THE TASK — Would you give the listing back word for word once its pictures are removed?

STORED DATA —
--- START ---
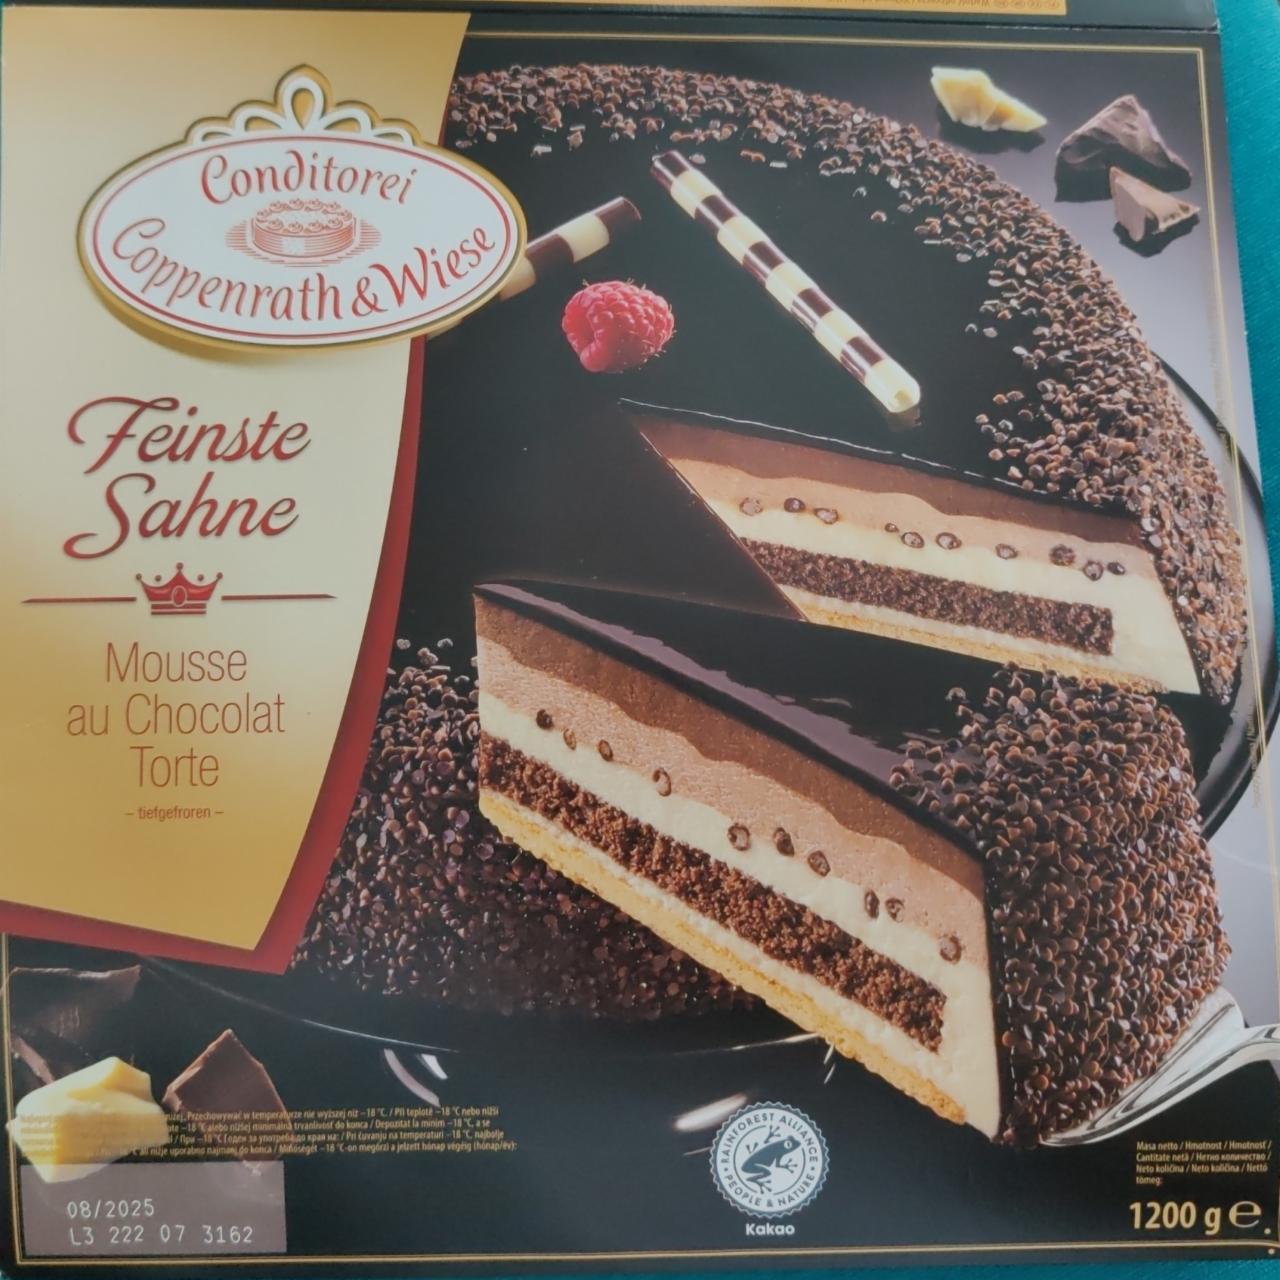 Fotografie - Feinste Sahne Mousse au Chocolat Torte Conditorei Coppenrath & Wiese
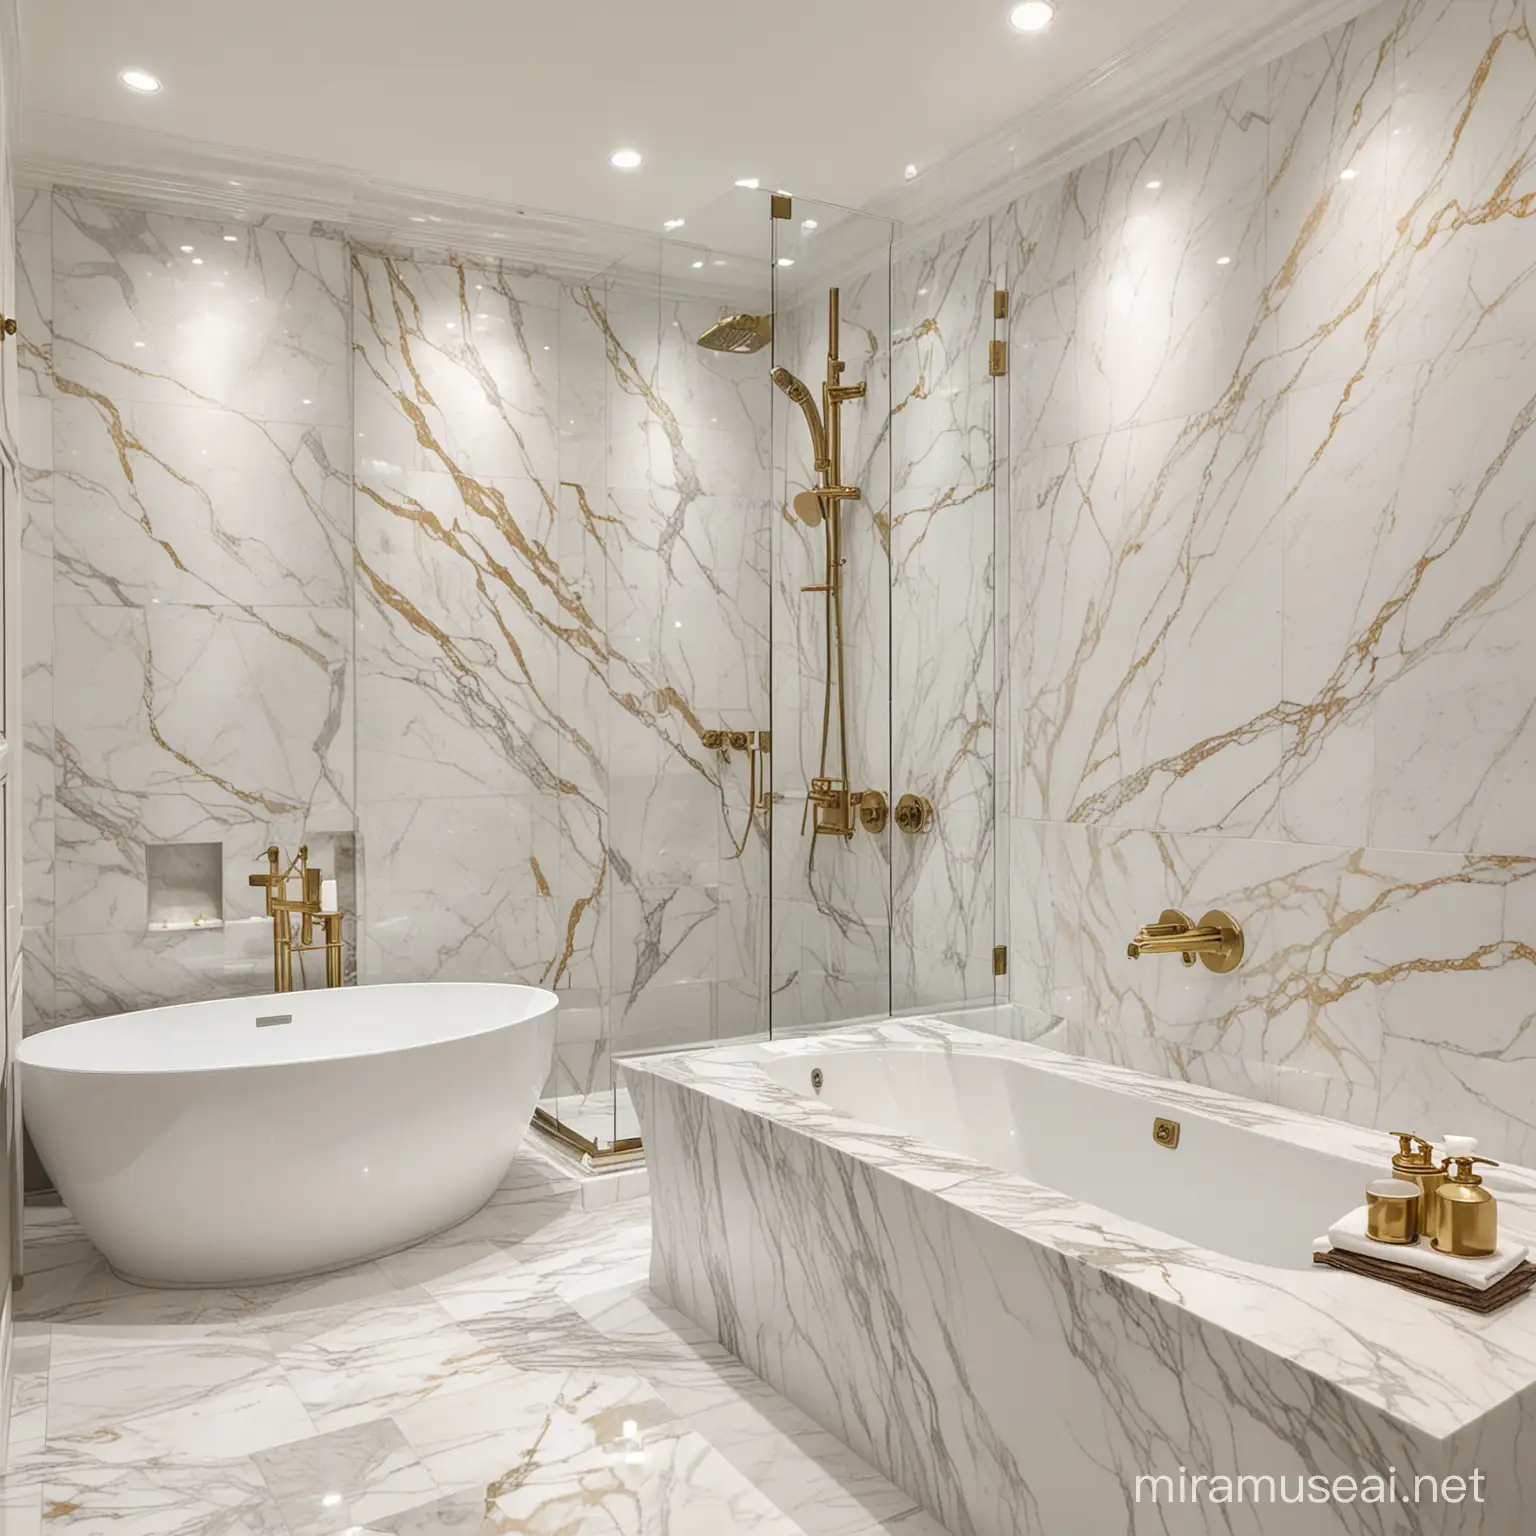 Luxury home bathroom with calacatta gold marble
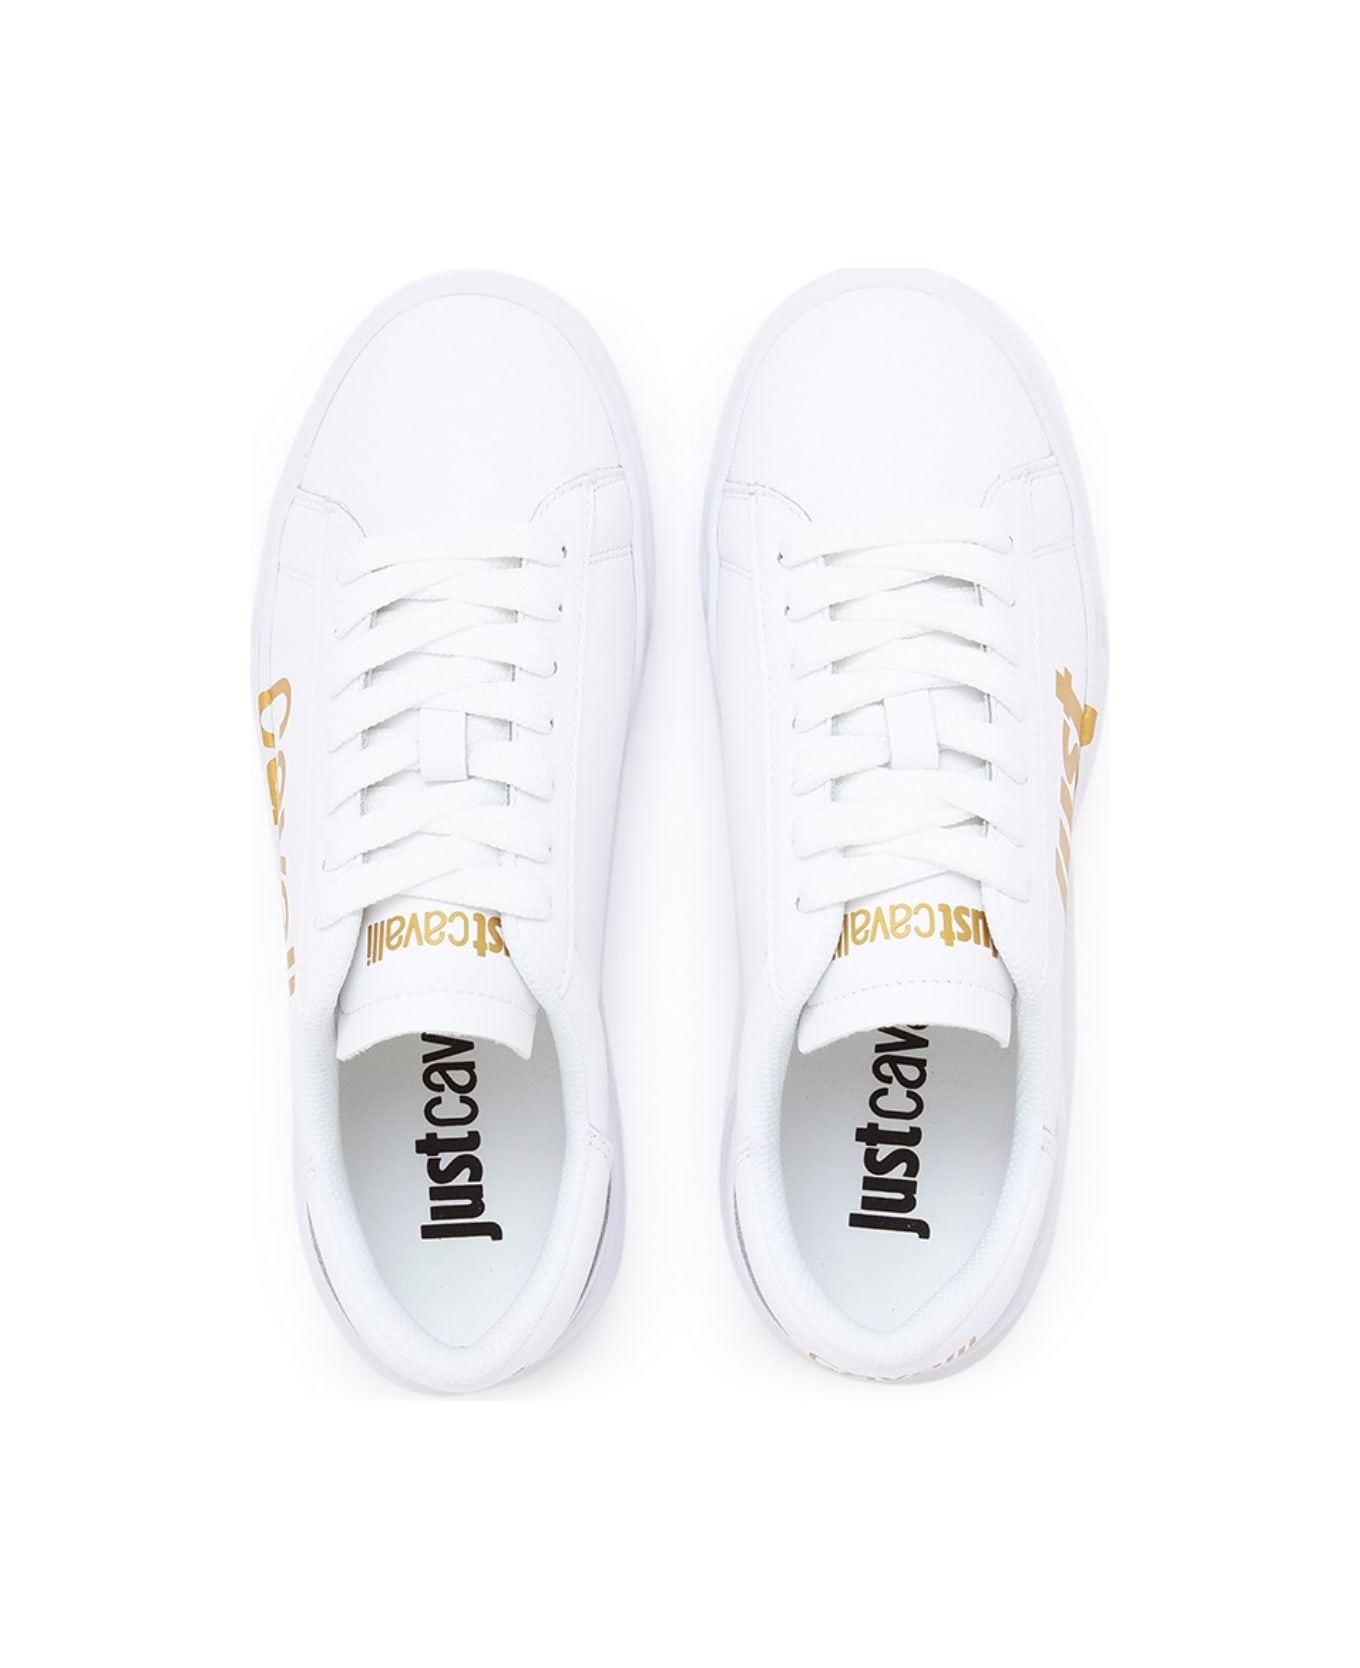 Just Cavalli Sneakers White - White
--- END ---
SOLUTION BELOW —
 Fotografie - Feinste Sahne Mousse au Chocolat Torte Conditorei Coppenrath & Wiese
 Luxury home bathroom with calacatta gold marble
 Just Cavalli Sneakers White - White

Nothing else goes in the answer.